A few words about the poem and its subject matter: Caesar Emmanuel, (1902-1970) was a Greek poet, cousin of another Greek poet, Jean Moras (Ioannis A. Papadiamantopoulos). The quote above (in italics, aligned to the right under the title) was the inspiration for Nikos Kavvadias to write this poem, which was included in his 1933 poem collection titled Marabou. Parts of this poem were put into a song in the 1990s by Greek singer-songwriter Dimitris Zervoudakis, under the title Letter To A Poet. On the left-hand column, I number the stanzas; the stanzas that were put in the song are numbered in red. In the song, stanzas 9 and 6 (in that order) formed the chorus (that is first heard after the 4 th stanza). Another departure from the original is that, in stanza 11, the word perhaps is omitted from the song's lyrics. Youtube link for the song: https://www.youtube.com/watch?v=NxN96eq692I 1 I know something that could, Caesar, save you. Something that is always in an eternal state of change, Something that tears through the blurry lines of the horizons And without pause travels through the endless Earth. Something that would make the crow leave hurriedly, The crow that always covers your study's papers. To leave crowing in a coarse voice, flapping its wings, To some uninhabited valley of the South. Something that would make your wet, strange eyes, That are so loved by tender schoolgirls and silent poets, Joyfully and full of anticipation laugh, In a manner that as they say they have never laughed. I know something that could certainly save you. I, who have never known you, just think of it, I... A ship... To take you away Caesar, to take us away. A ship that I shall be driving very far. On a winter's day we'd depart. The tugboats would blow their horns as they would pass us by, The stinking waters the rain would spray, And the cranes at the docks would turn. The foreign cities would welcome us, The cities the most far-flung And I would introduce you to them so simply, As if to sweet women that I'd loved in times of old.

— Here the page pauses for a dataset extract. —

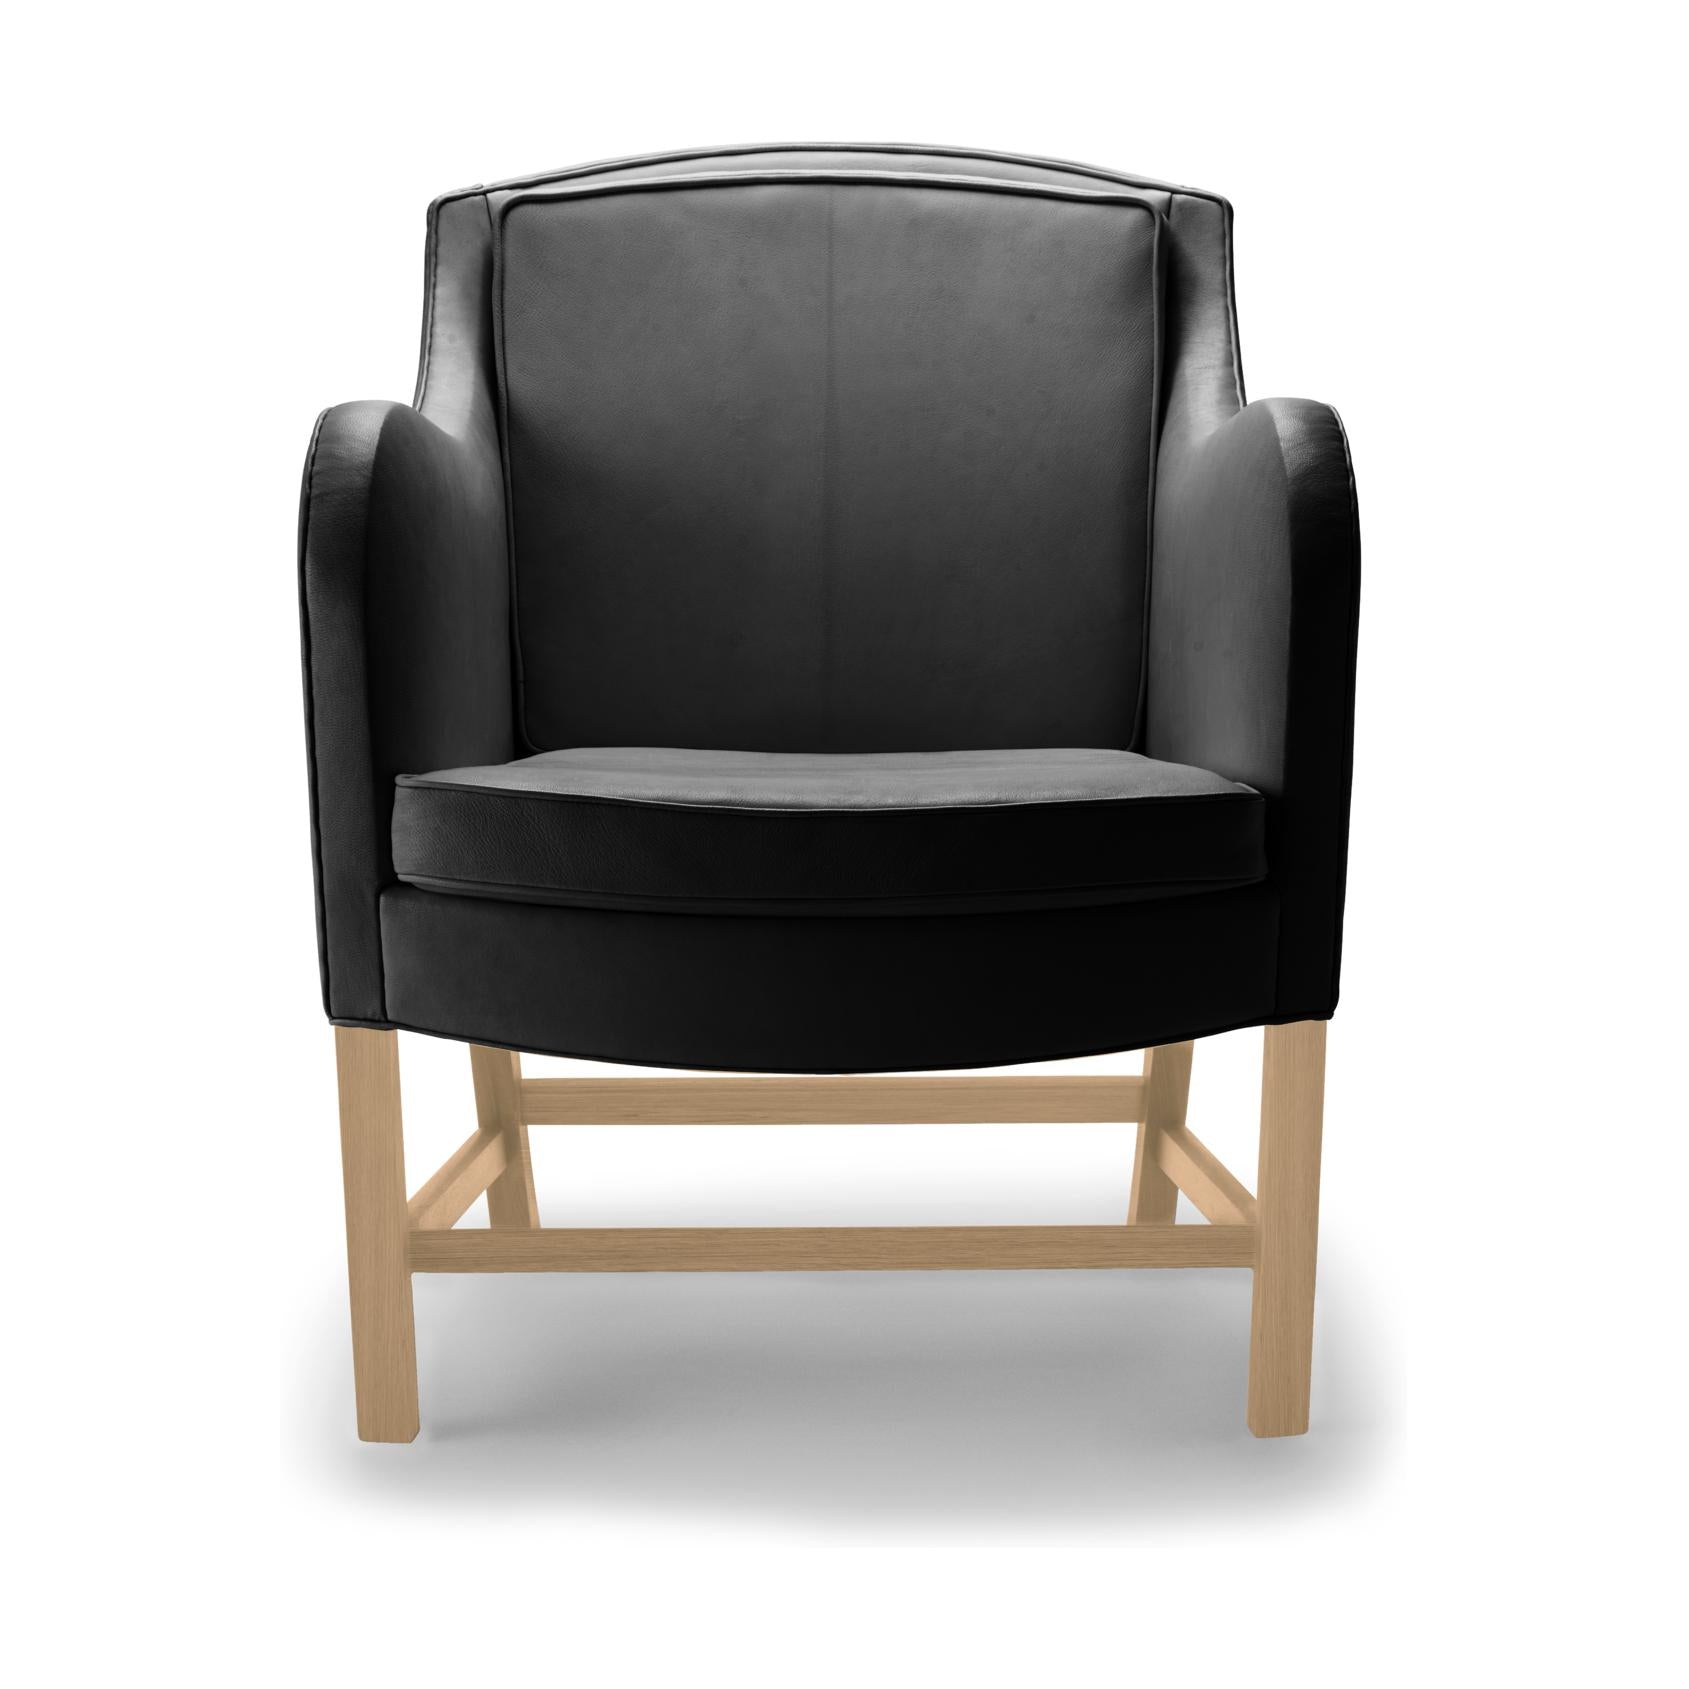 Carl Hansen KK43960 Mix Lounge Chair, oljat ek/svart läder

At night, on our watches, we'd tell Strange stories at the bridge, Of the constellations or the waves of the sea Of the weathers, the windless days, the routes. When the fog so thick would cover us, We'd hear the cries of the lighthouses And the ships unseen we'd hear, Wailing as they passed and drifted away. Far, so far away we'd travel, And the sun would always find us alone; You smoking Camel cigarettes, And me, in a corner, drinking whiskey. And an old lady in Annam, a painter of tattoos, An old lady in a noisy caf, A bleeding heart would paint on me And a bare, on your chest, skull And one night in Burma, or in Batavia, In the eyes of an Indian girl that would dance, Nude among the seventeen daggers, You would, perhaps, see Greta coming back. Ceasar, compared to a death in a bedroom, Compared to an earthen, mundane grave, Would it not be more poetic and beautiful, The translucent depth of the sea and the wild wave? Words grand, poetic, unrealised, Words common, hollow, smoke and ashes, That, as you read them, might make you pity me, Laughing and shaking your head. My sole request, though, would be, My verses not to mock. And as I for a brother have prayed, So I ask that you pray for a madman.